Concerto Mozart

27 mai 2017

De vez em quando coincidem os intérpretes certos com um programa bem gizado, e o resultado é uma maravilha. Há muito tempo que não ouvia Mozart tocado com tal frescura, imaginação e profundidade: o 1º andamento de uma serenata, dois concertos para piano e uma sinfonia. É sempre frustrante não ouvir as obras completas, como aconteceu com a (longa) “Serenata nº 9” (1779), dita da ‘Corneta de Postilhão’ (que intervém no 2º trio do 2º minueto), mas houve muitas oportunidades para ouvir as trompas em ação. O suíço Olivier Cavé revelou-se um pianista mozartiano de alto gabarito, a tal ponto que fui logo a correr comprar o disco (Alpha), com a mesma formação e maestro. Mozart é sempre jovem (morreu aos 36 anos incompletos), mas é interessante comparar o “Concerto nº 5” composto em 1773 aos 17 anos (o programa diz que foi em 1733, 23 anos antes do compositor nascer…) com o “nº 25” (1786), contemporâneo de “Le Nozze di Figaro”. O primeiro concerto é galante, rematado com uma cadência barroca; o segundo concerto, com a longa entrada marcial da orquestra, é parente próximo da “Sinfonia nº 41” (‘Júpiter’, 1788), que também integrava o programa.
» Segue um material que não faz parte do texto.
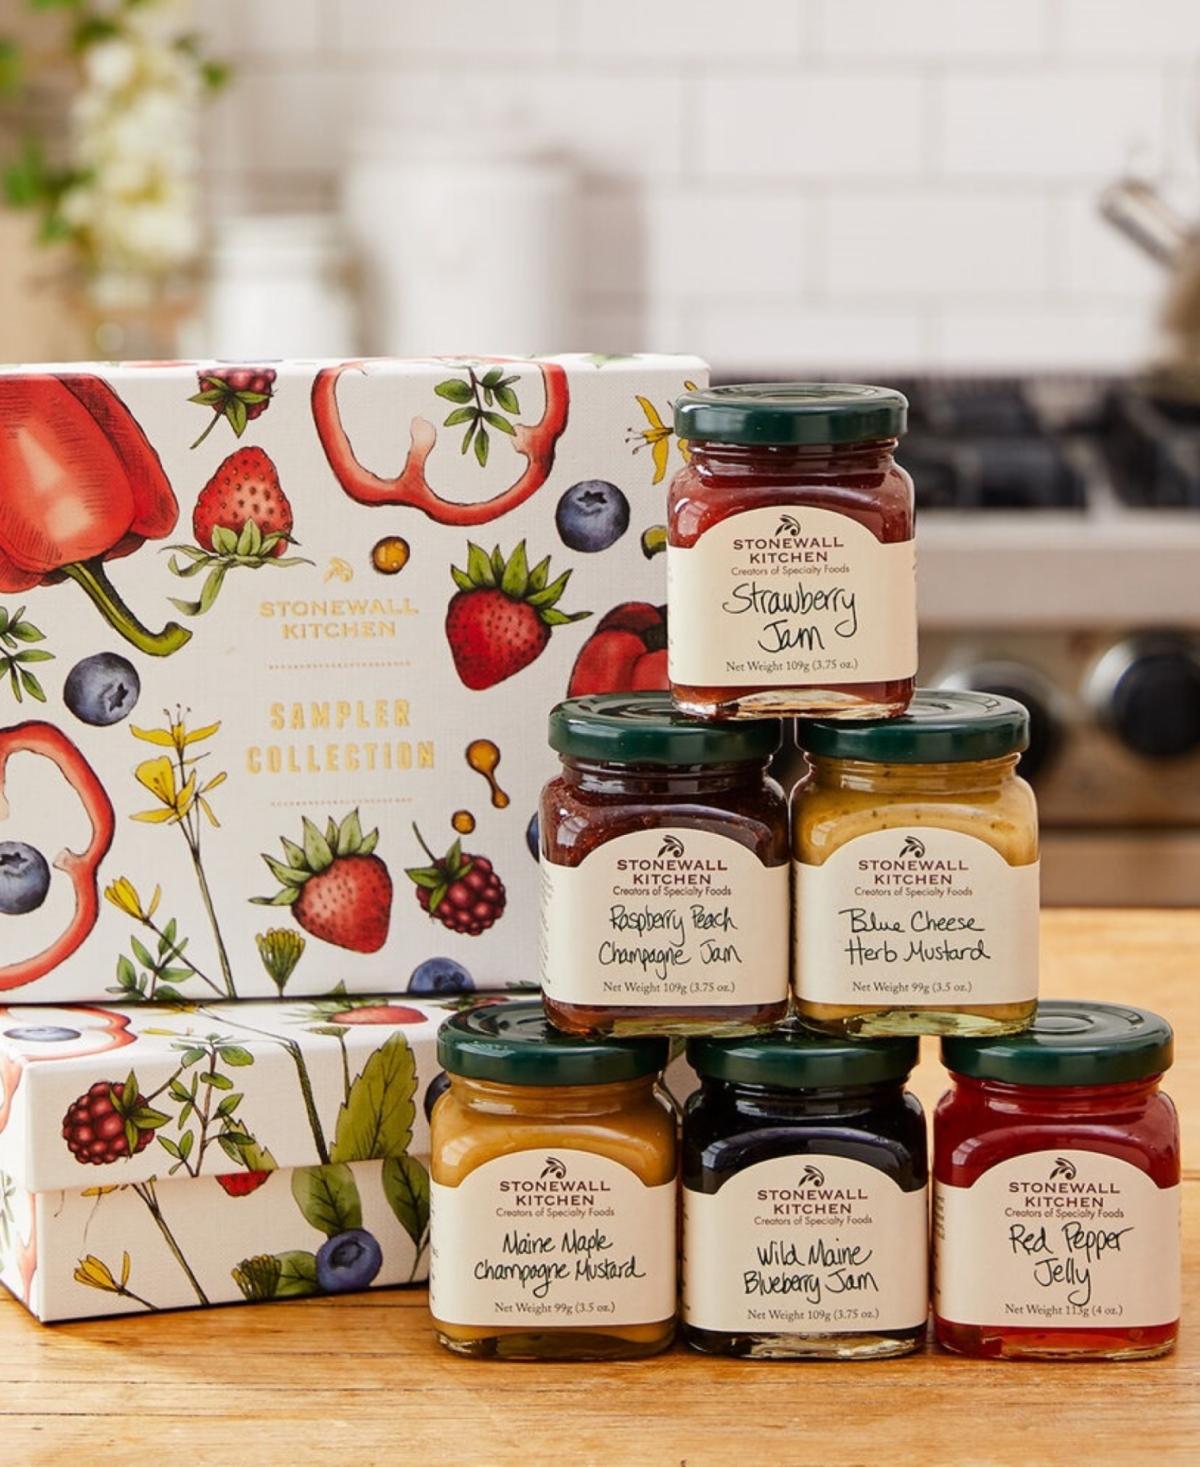 Stonewall Kitchen Classic Jam Sampler Collection Gift Set
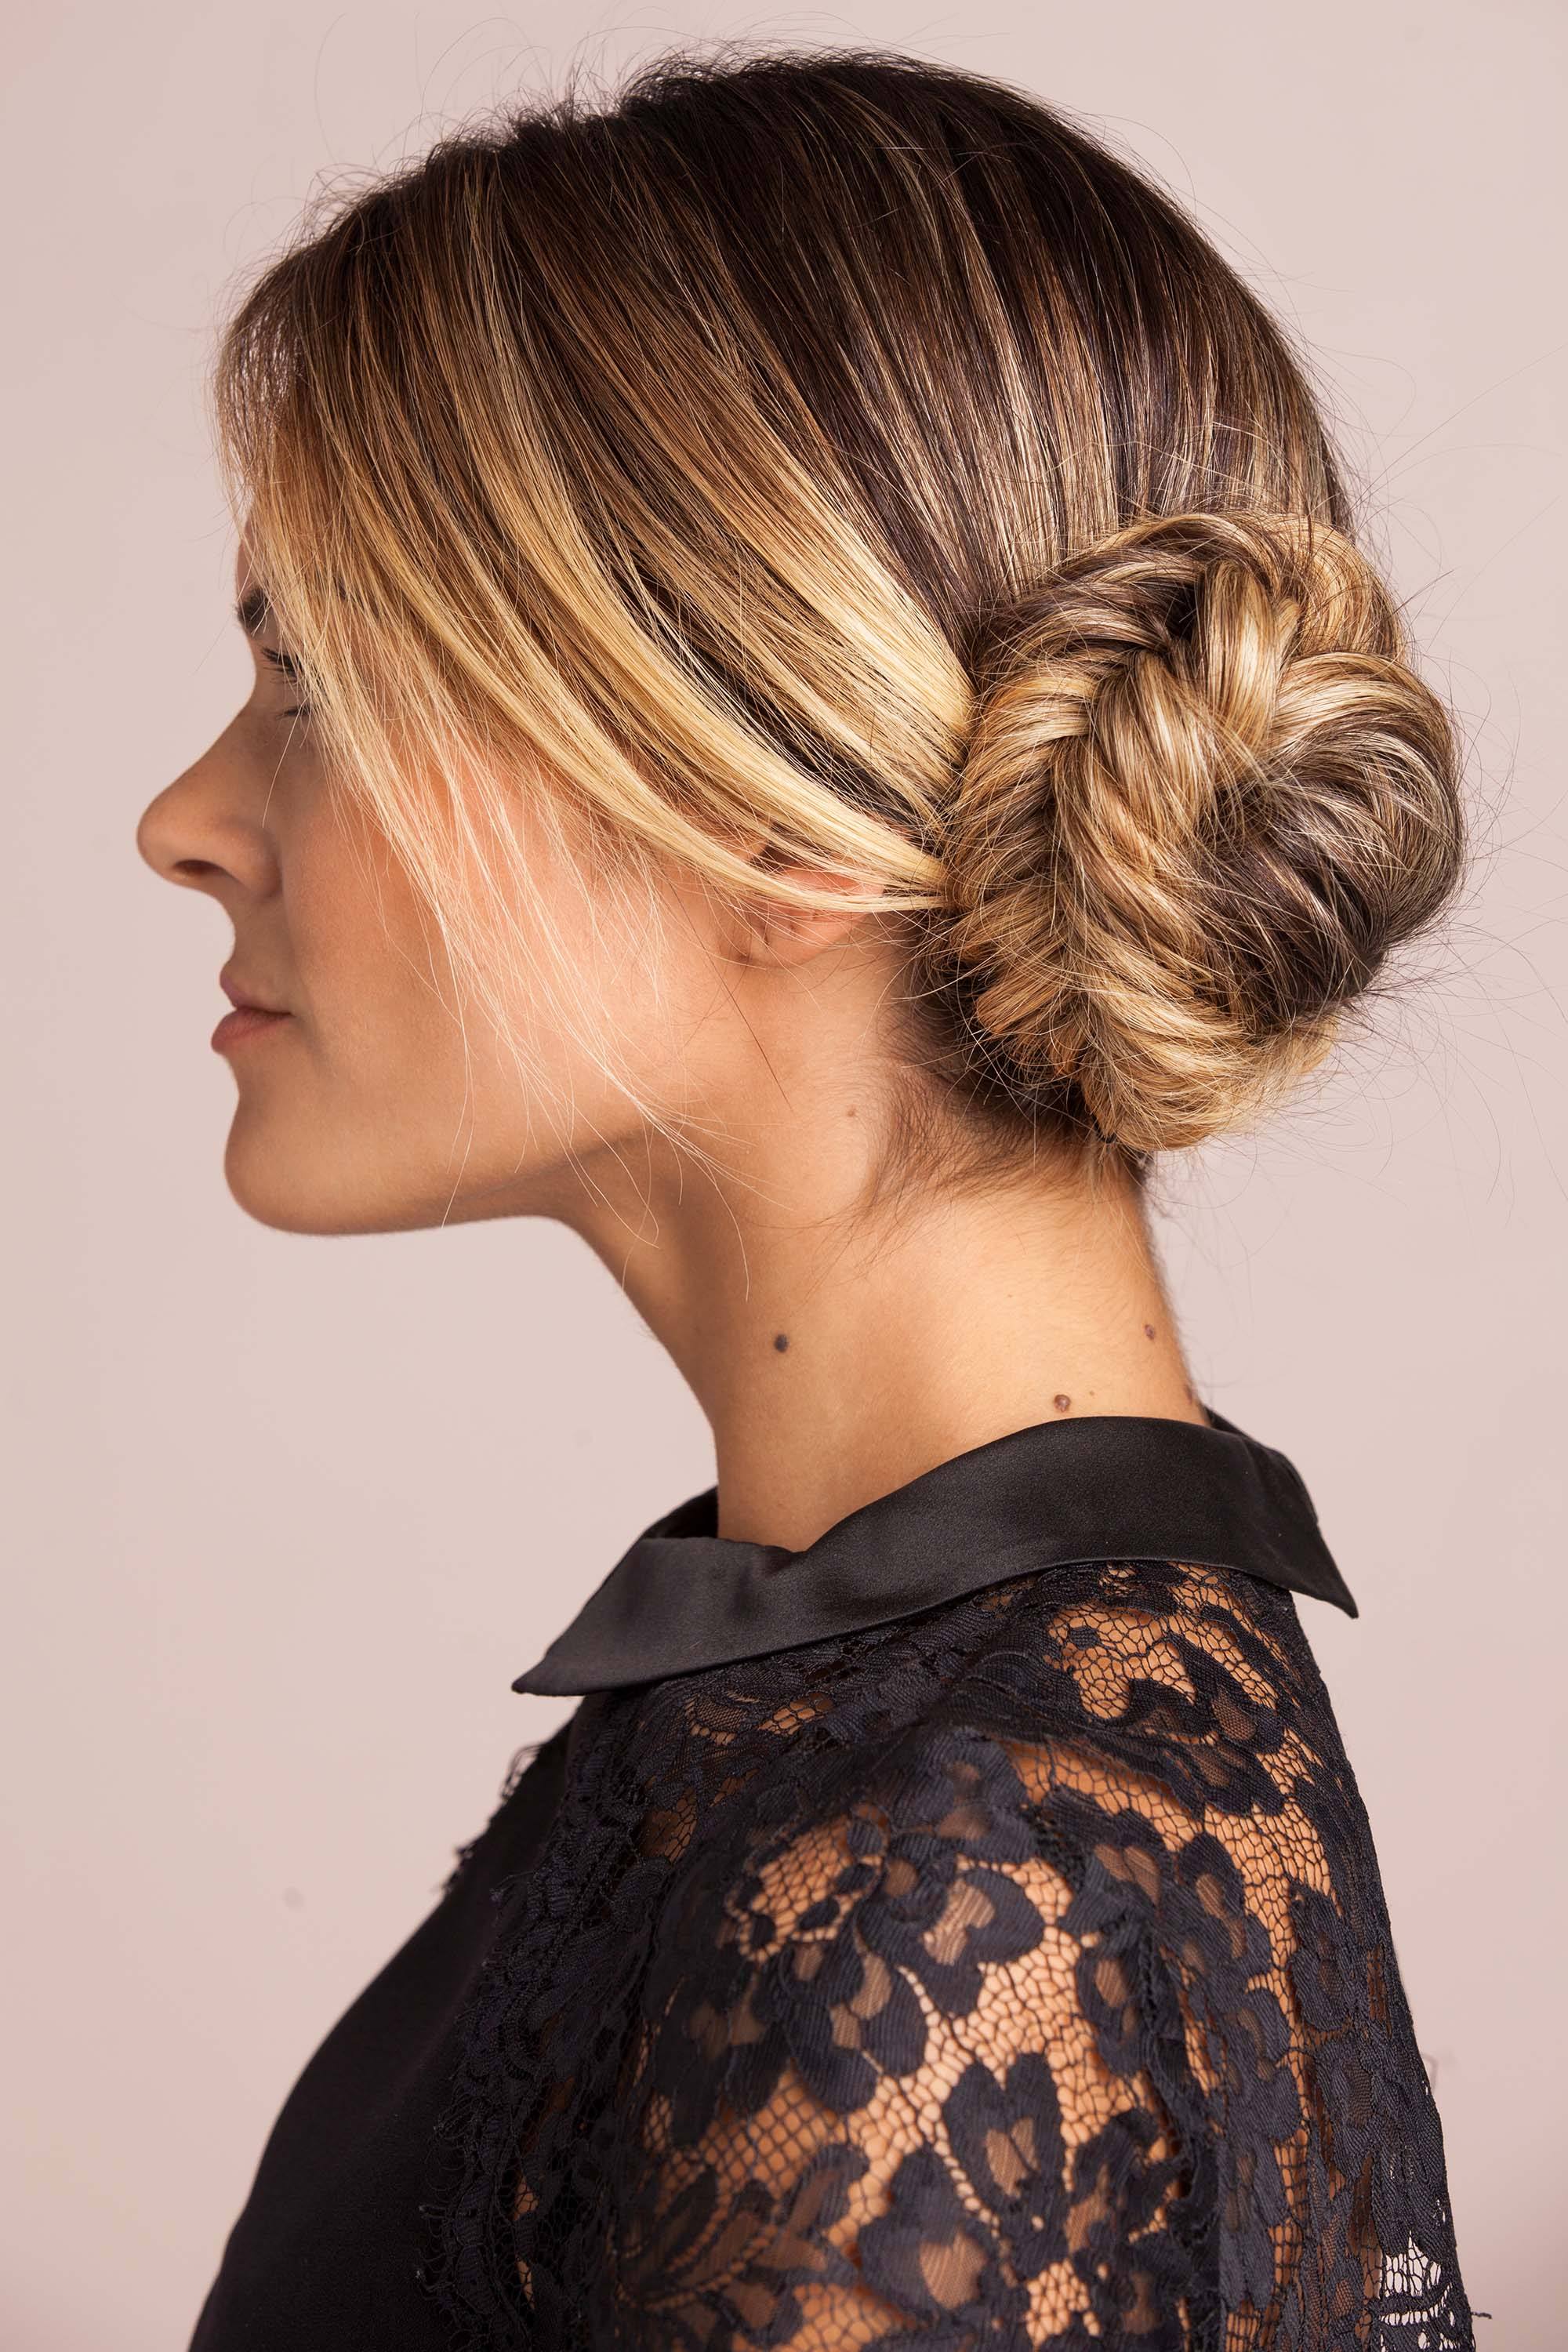 75 Trendiest Updo Hairstyles 2021 : Twisted & knot bun for fine straight  hair

Não passou despercebida a semelhança que uma das marchas tem com a futura ‘Marselhesa’! Entusiasmou-me a agilidade e clareza da execução de Cavé (que alia a precisão virtuosa com a rara leveza de toque). Há que louvar ainda a magistral articulação com a orquestra, principalmente no 2º andamento do “Concerto nº 25” (que é um mirabolante colóquio entre o piano e a flauta, oboé, fagote e trompa; apenas destoou, no início, a entrada em força da trompa). O 3º e último andamento (uma sonata-rondò) abre com um tema que Mozart reciclou da Gavotte (dança final) do “Idomeneo” (1781). Ninguém notou porque, por razões dramáticas, o bailado é em geral cortado (como foi também na transmissão recente do Met). Divertissement é uma orquestra ad hoc formada por Rinaldo Alessandrini para este projeto. Embora a tónica seja acentuadamente italiana, engloba alguns dos “melhores músicos europeus especialistas em interpretação com instrumentos de época”. Resta acrescentar que o maestro, uma autoridade no barroco italiano, nos deu um Mozart mais Amadeo do que Gottlieb e que ficámos todos a ganhar.